Structural, magnetic, mechanical, thermodynamic, and electronic properties of PuAlO3: A first-principles study

Abstract

Based on the Coulomb hybrid density functional with spin–orbit coupling (SOC) effect and generalized gradient approximation (GGA) + U method, the structural, magnetic, and electronic properties of PuAlO3 (Pnma and Imma) have been studied. The value of magnetic moment (μs) with the GGA + U method is maximum, the GGA + U + SOC method is minimum, and the GGA method is centered. The phonon curve of the two phases with ferromagnetic (FM) is almost identical to that of the antiferromagnetic (AFM) state. Pu atoms primarily contribute to the low-frequency phonon branches.
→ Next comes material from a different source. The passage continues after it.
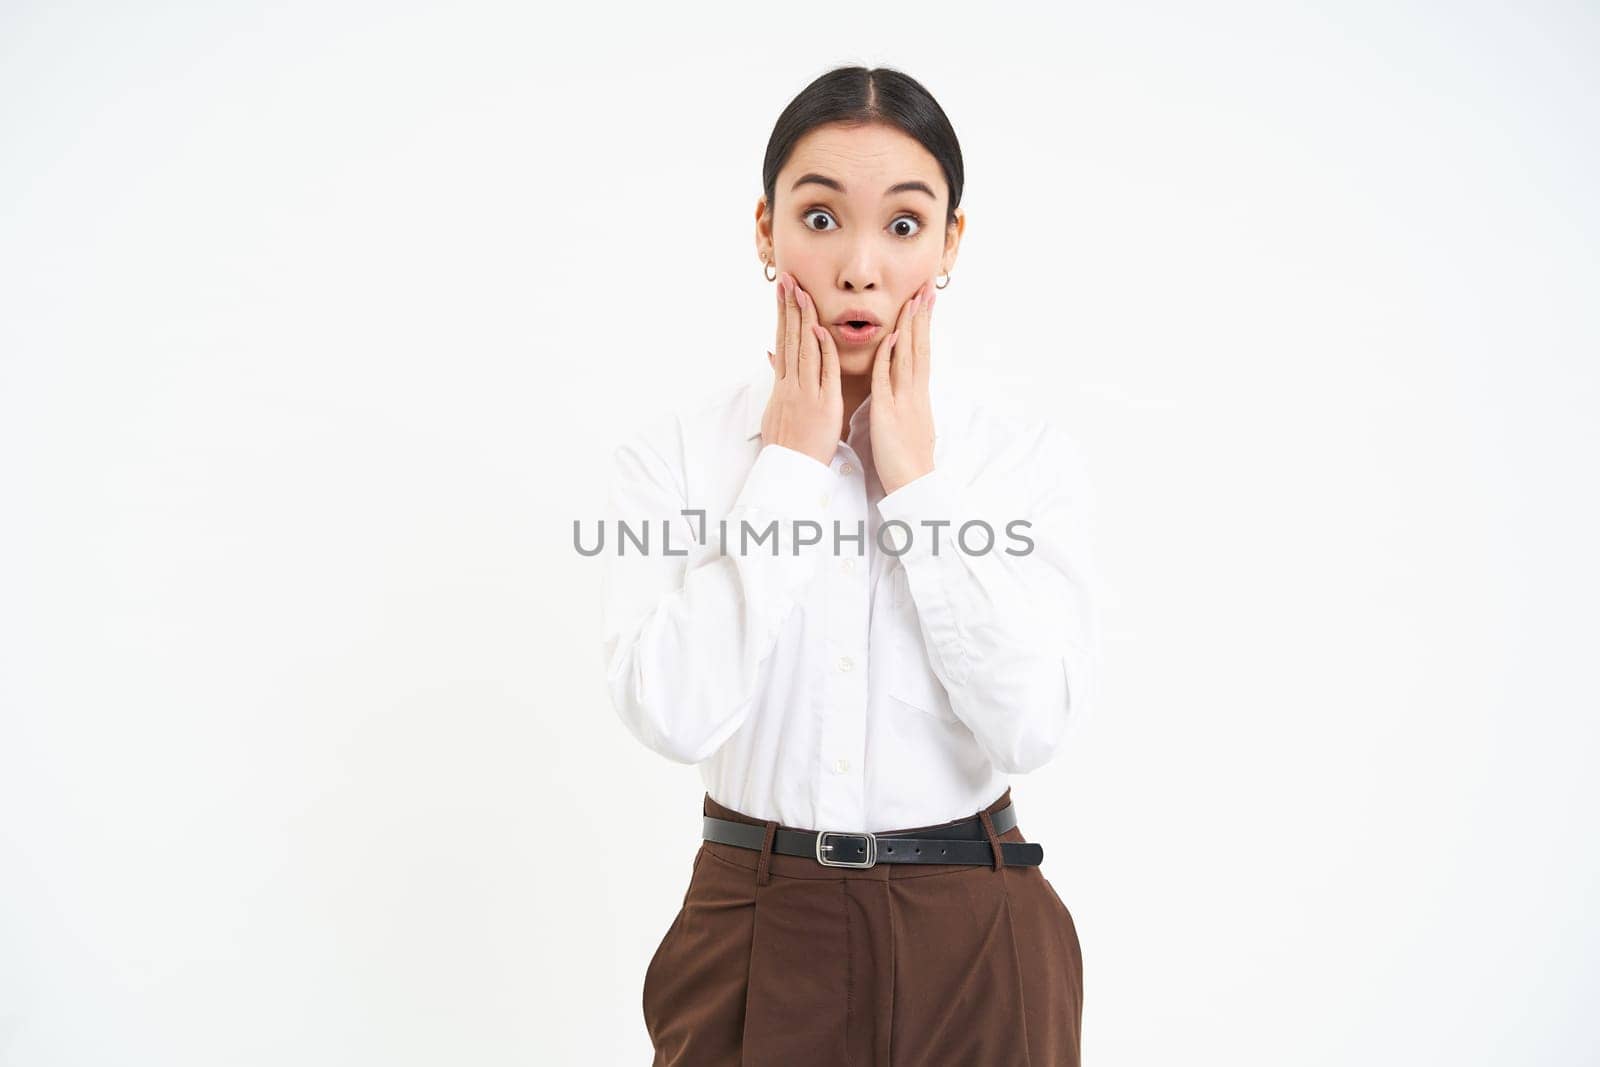 Corporate woman looks amazed, holds hands near face with surprised face expression, isolated on white background.

In contrast, lighter O atoms are mainly responsible for the high-frequency phonon modes, and Al atoms are predominantly distributed in the middle part of the compound. For the mechanical properties, the volume modulus B of the V-R-H scheme agrees with the Birch–Murnaghan equation of state fitting results. Moreover, the bulk modulus is anisotropic, and the remaining parameters are isotropic. According to the electronic calculation, FM has a wider bandgap than AFM. In part of the state density diagram, it can be observed that the main contributors are Pu and O atoms. Bader charge calculation revealed that the charge of Pu and Al atoms transfers to O atoms.